With so much attention focused on the explosion of progress in artificial intelligence, you’d be forgiven for missing just how incredible the progress has been in medical science, too. Since January, we’ve been rolling out blood screening for cancer and testing gene editing for Alzheimer’s. We’ve developed several new, highly effective drugs for weight loss. But one of the most incredible recent advances has to be around the malaria vaccine.
Every year, around 250 million people get malaria, with around 620,000 people dying from it — the vast majority of them children. Ninety percent of all malaria deaths occur in sub-Saharan Africa, and malaria often imposes long-term health complications. In countries like Kenya, Nigeria, and Ghana, malaria devastates economies and burdens communities. A child will die from malaria every two minutes.
So, when we got the news of a highly effective and easily produced malaria vaccine, called R21, it was cause for celebration. This new vaccine, developed by Oxford University, was found to be much more effective than the previous best vaccine, made by GSK. As Freethink reported, “In early trials, the vaccine looked to be 77% effective against severe cases of malaria up to a year after dosing — compared to just 30% for the GSK vaccine endorsed by the [World Health Organization (WHO].”
The WHO, however, says the vaccines haven’t been compared head-to-head and expects them to have similarly high efficacy when given right before malaria season. Either way, R21 is universally acknowledged to be much cheaper than GSK’s shot, and it will radically increase the supply of malaria vaccines.
“Why would you allow children to die?”
Recently, though, this scientific and medical success story has hit a bureaucratic wall. The WHO is coordinating the rollout of this new R21 malaria vaccine. Oxford University says it has provided the WHO with all the data they need to evaluate it. Ghana and Nigeria’s health authorities have approved the shot. By all accounts, the Serum Institute of India – the world’s largest manufacturer of vaccines – is ready to go.

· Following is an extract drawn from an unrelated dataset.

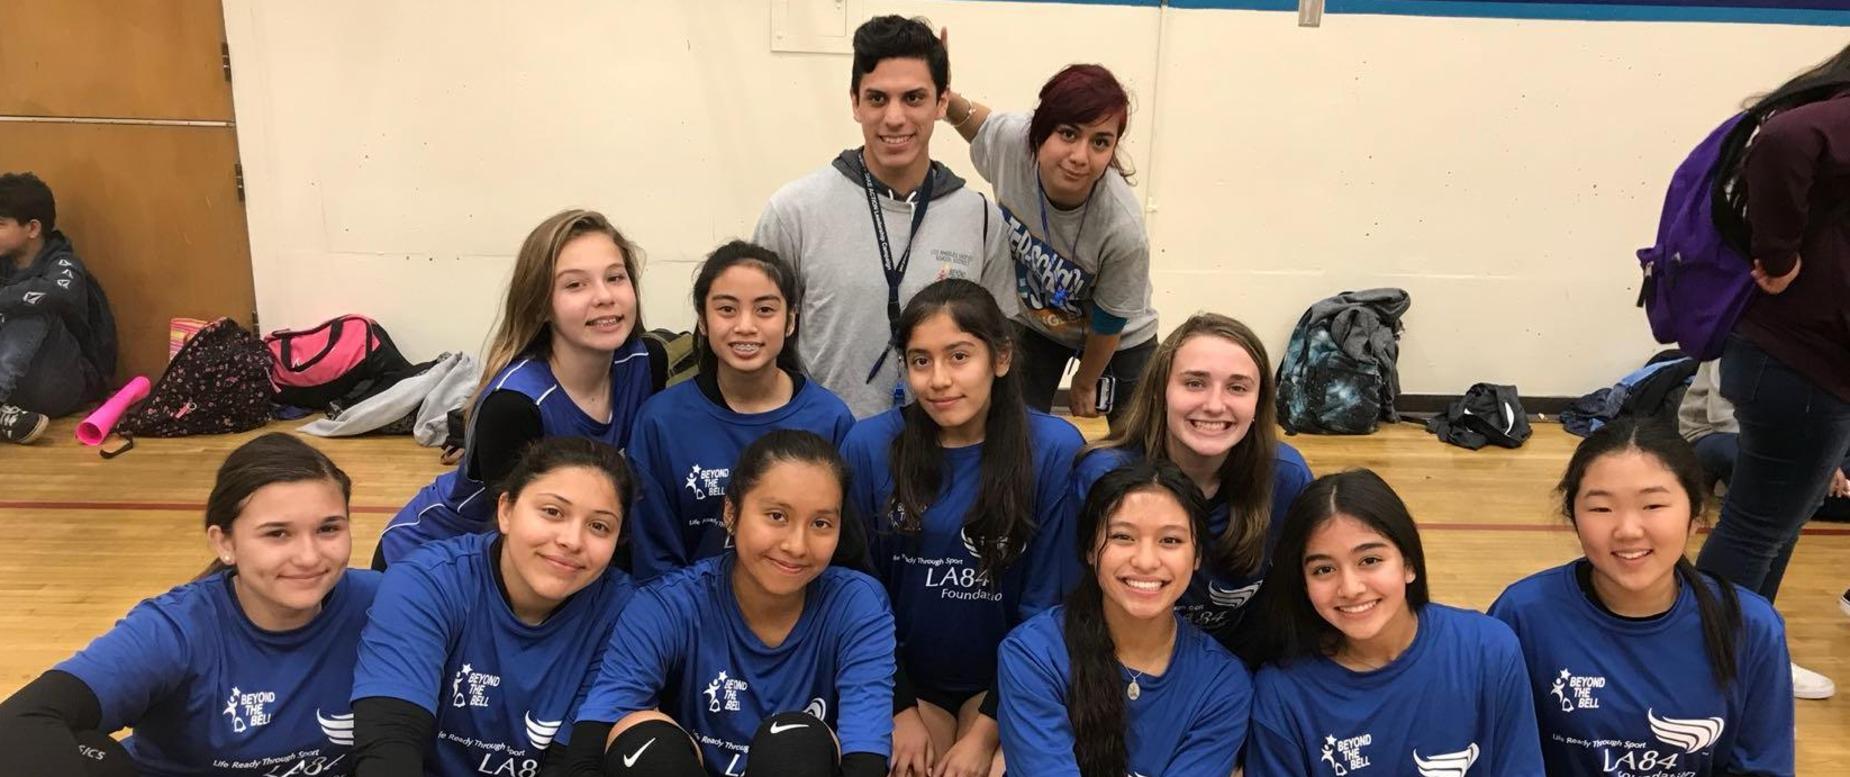 Mt Gleason VolleyBall District Champions

The Serum Institute has manufactured 20 million doses of R21 so far and “has already established production capacity for 100 million doses per annum, which will be doubled over the next two years.” The WHO endorsed the vaccine earlier this month and said the shot has been shown to be safe, highly effective, high-impact, and cost-effective.
It came as quite a shock, then, that the WHO has decided to wait several months to distribute the jab and is only targeting distribution by mid-2024. Adrian Hill, the Director of the Jenner Institute at Oxford University, is incredulous.
Hill told the Financial Times, “Why would you allow children to die instead of distributing the vaccine? There’s no sensible answer to that — of course, you wouldn’t. … There’s plenty of vaccine, let’s get it out there this year. We’ve done our best to answer huge amounts of questions, none of which a mother with a child at risk of malaria would be interested in.”
The WHO told the Financial Times that mid-2024 is a “conservative” estimate and hopes that it will be rolled out sooner. But every month’s delay means potentially thousands of children may die from malaria unnecessarily.
Isn’t this an “emergency”?
The WHO’s slow movement on malaria is all the more perplexing when you compare it with how quickly the COVID-19 vaccines were reviewed, approved, and distributed. The need is urgent: close to half a million children under the age of five will die from malaria this year.
Oxford’s Hill makes the comparison explicit. While COVID-19 vaccines were distributed “within weeks” of approval, he says, tens of millions of doses of R21 are just sitting in a fridge in India. Hill told the Financial Times, “We’d like to see the same importance given to the malaria vaccine [as COVID] for children in Africa. … We don’t think this would be fair to rural African countries if they were not provided with the same rapidity of review and supply.”
The WHO says it agrees “everything should be done” to expedite the process, which it says is essential for “safety, quality and trust,” but it isn’t clear why things aren’t in fact moving as fast as they did for COVID-19 or what needs to happen to go faster.
Two biases may be at play here.
The first is a damaging and depressing application of “novelty bias,” where we place more emphasis on new experiences or dangers than old and familiar ones. We’ve always had malaria. we’ve always had malaria deaths. COVID-19 was new, so it was treated with special attention and urgency. We’re wired to not see something as an “emergency” if it happens every year — even if hundreds of thousands are dying from it. The novel coronavirus emerged in late 2019, and the first vaccines were approved in late 2020. Malaria vaccine research has been going on for decades, so a delay of several months doesn’t seem like much.
The second potential bias is the fact that while malaria deaths are overwhelmingly concentrated in sub-Saharan Africa, COVID-19 affected far more people around the world. It also affected richer and more developed countries, where vaccine rollout would be more lucrative for pharmaceutical companies.
There seems to be little reason to delay the distribution of the malaria vaccine, especially given that we’ve now seen how rapidly it could be done, when the world puts its collective mind to it.